When the listing below reaches the line that has "AC Adapter Charger", start reproducing exactly; stop after the line that has "Love One Another Tee – His Kids Company", and drop the pictures.

RECORDS TO USE »
************
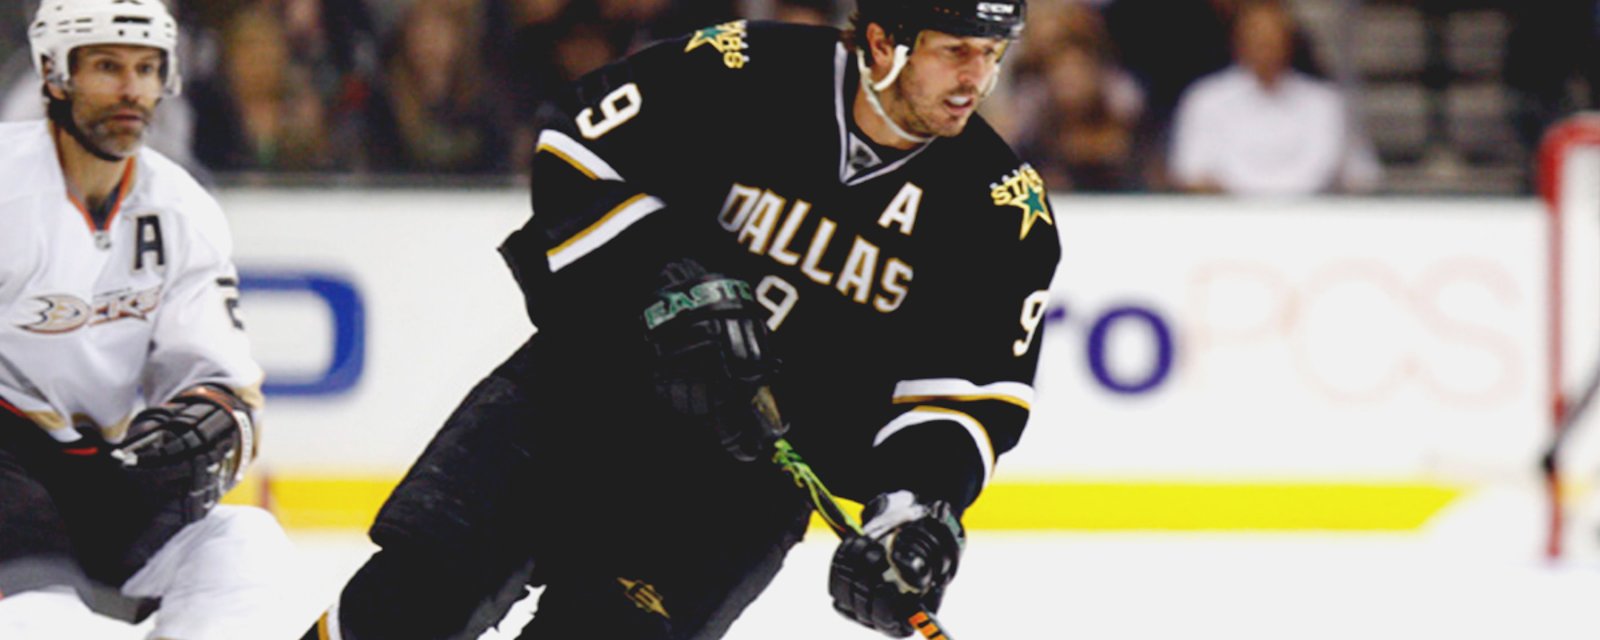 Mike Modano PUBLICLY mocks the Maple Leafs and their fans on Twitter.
************
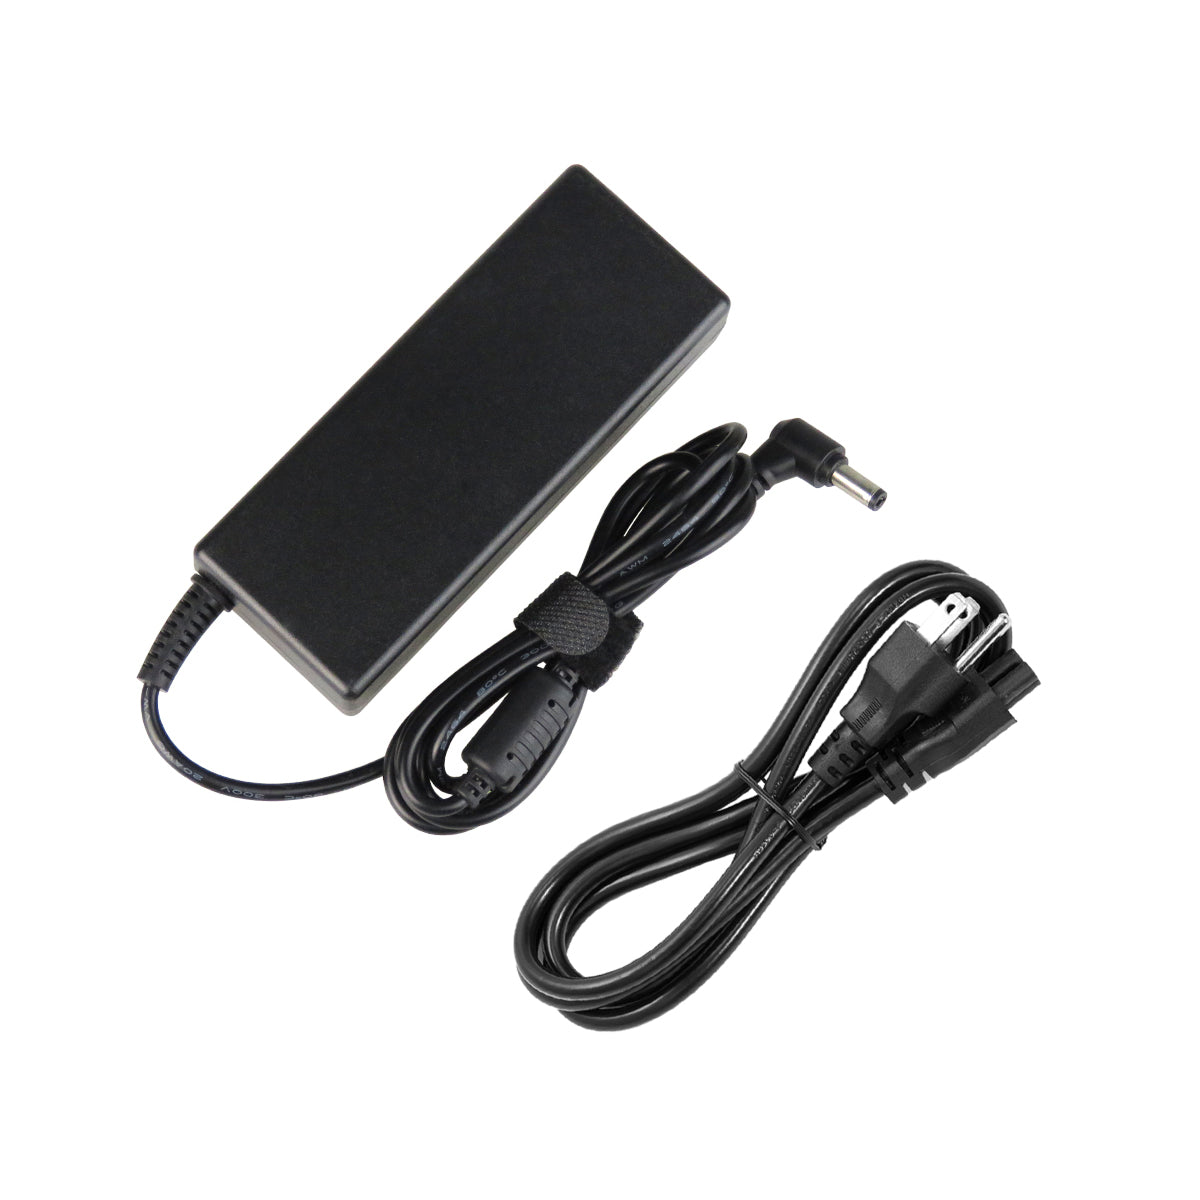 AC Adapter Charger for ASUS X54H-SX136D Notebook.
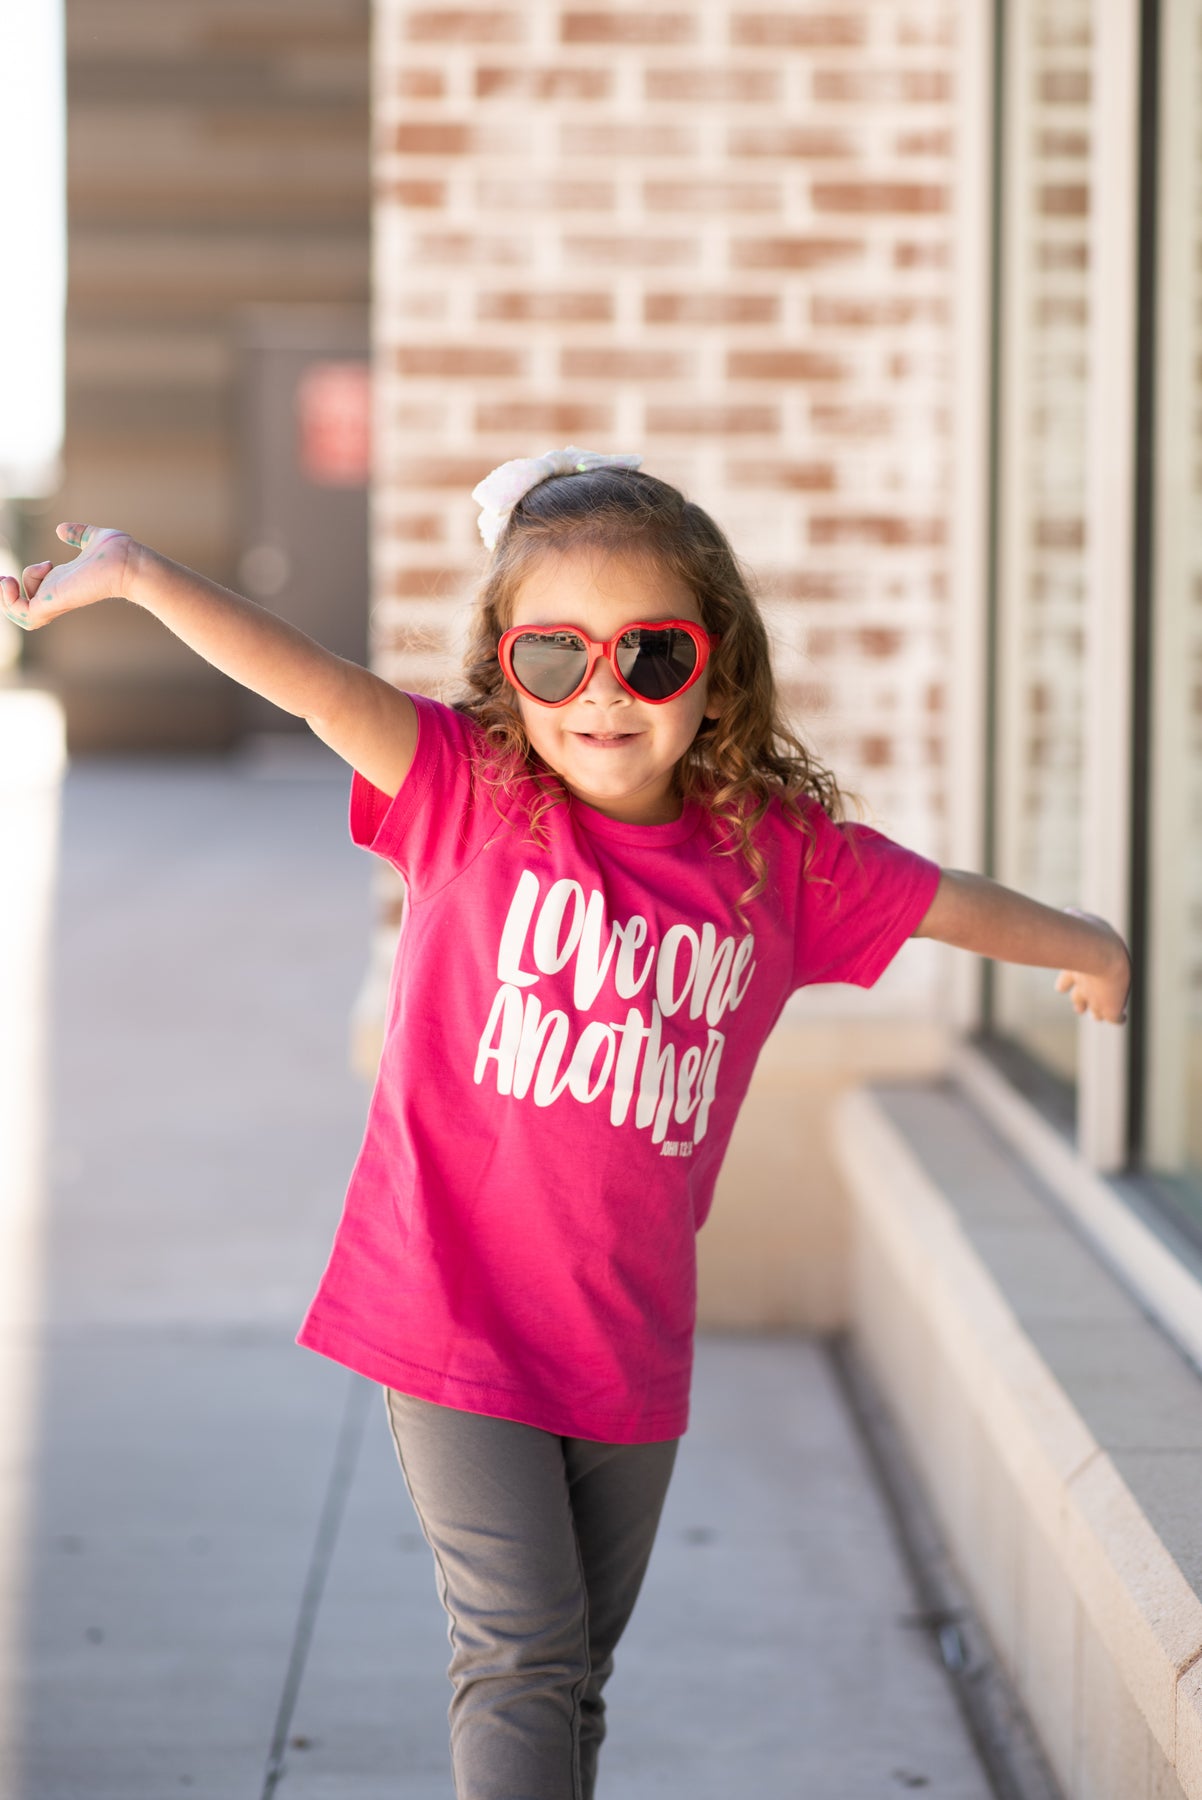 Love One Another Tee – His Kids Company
************
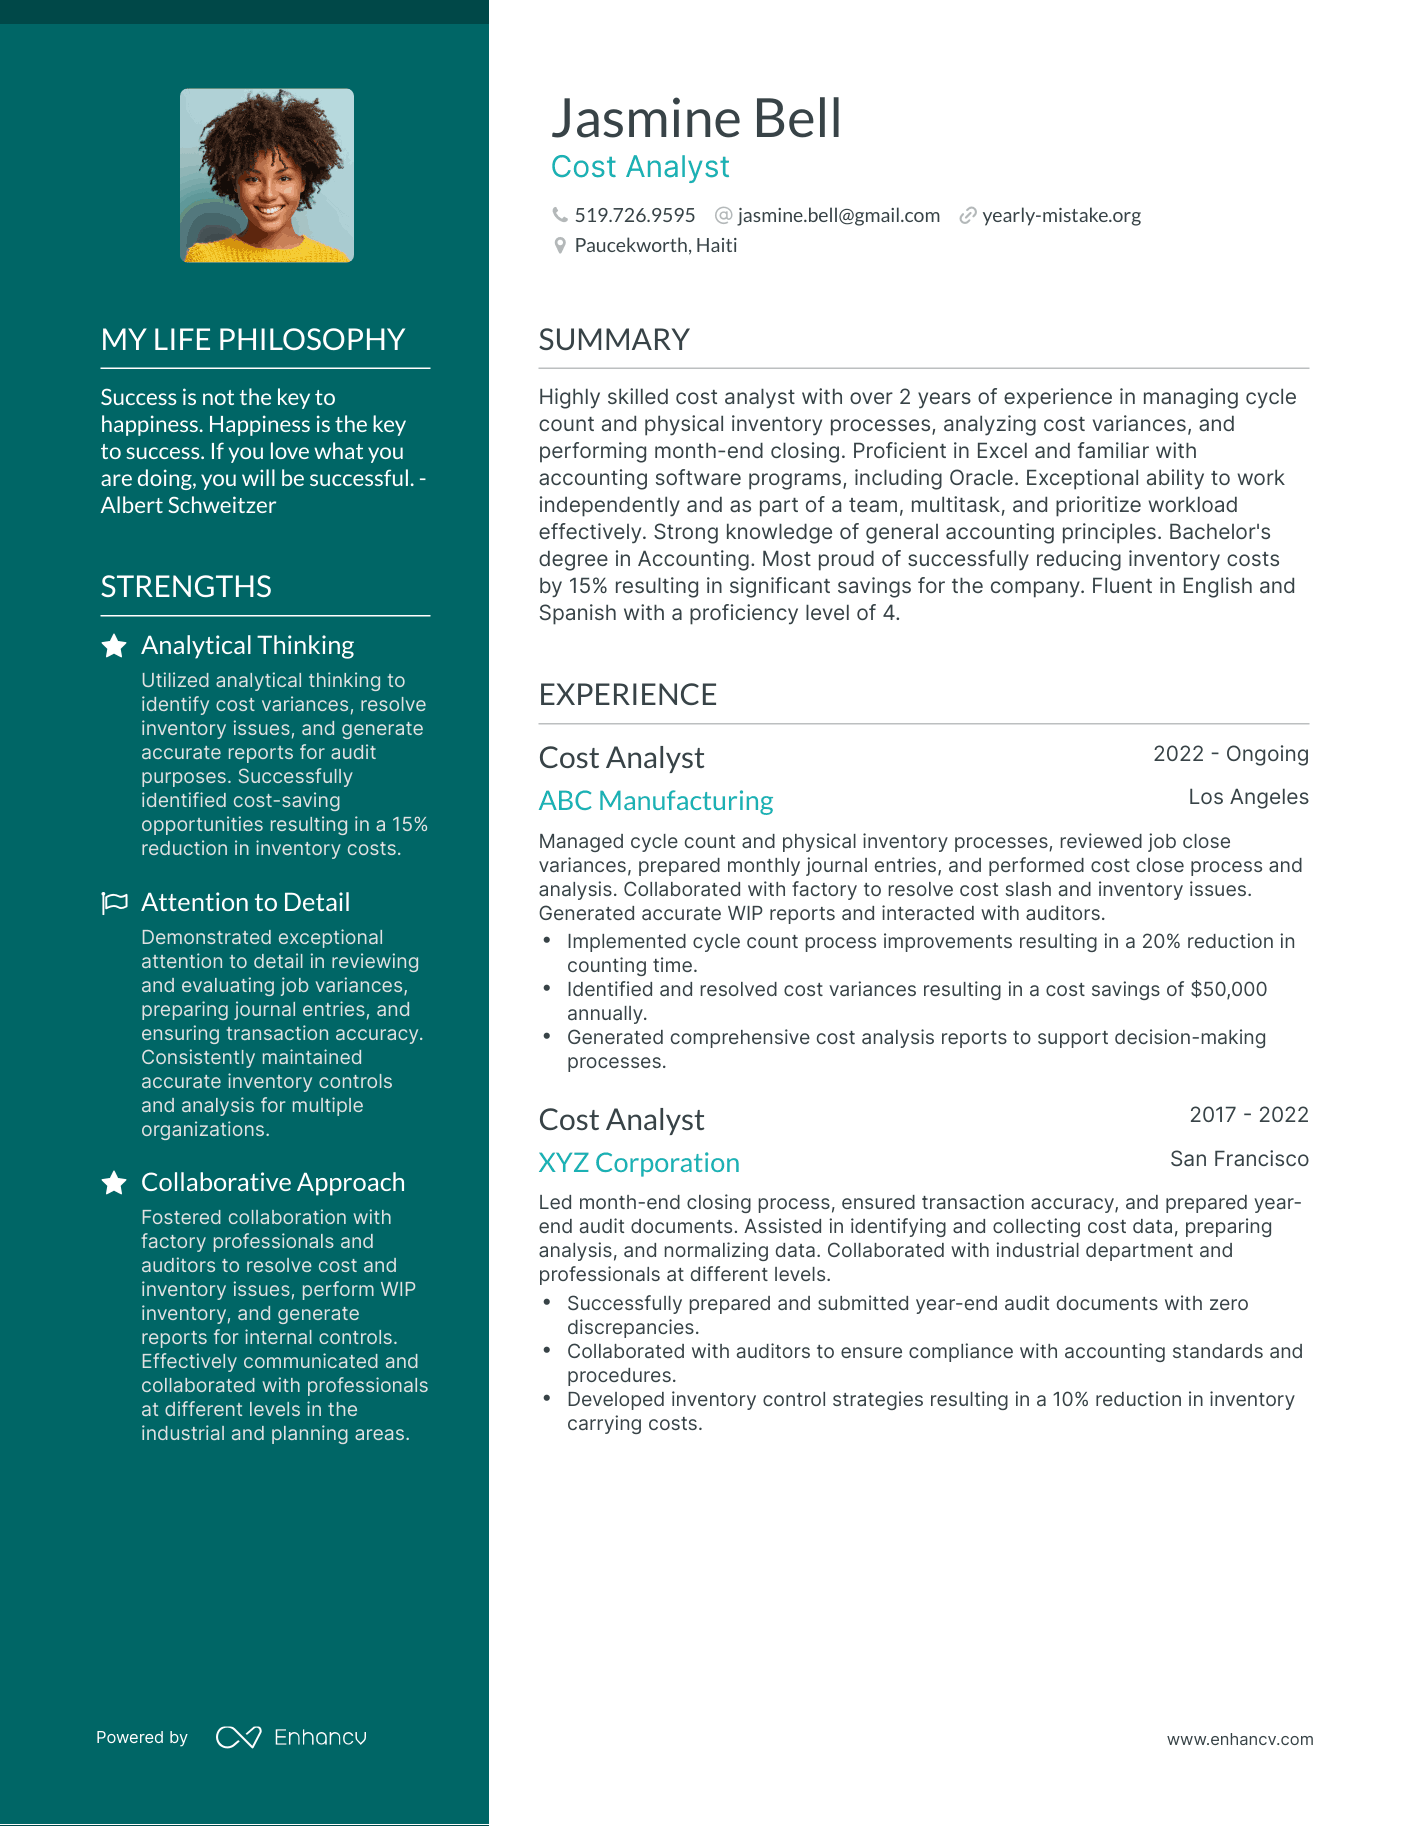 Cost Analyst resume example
************
SOLUTION BELOW »
 AC Adapter Charger for ASUS X54H-SX136D Notebook.
 Love One Another Tee – His Kids Company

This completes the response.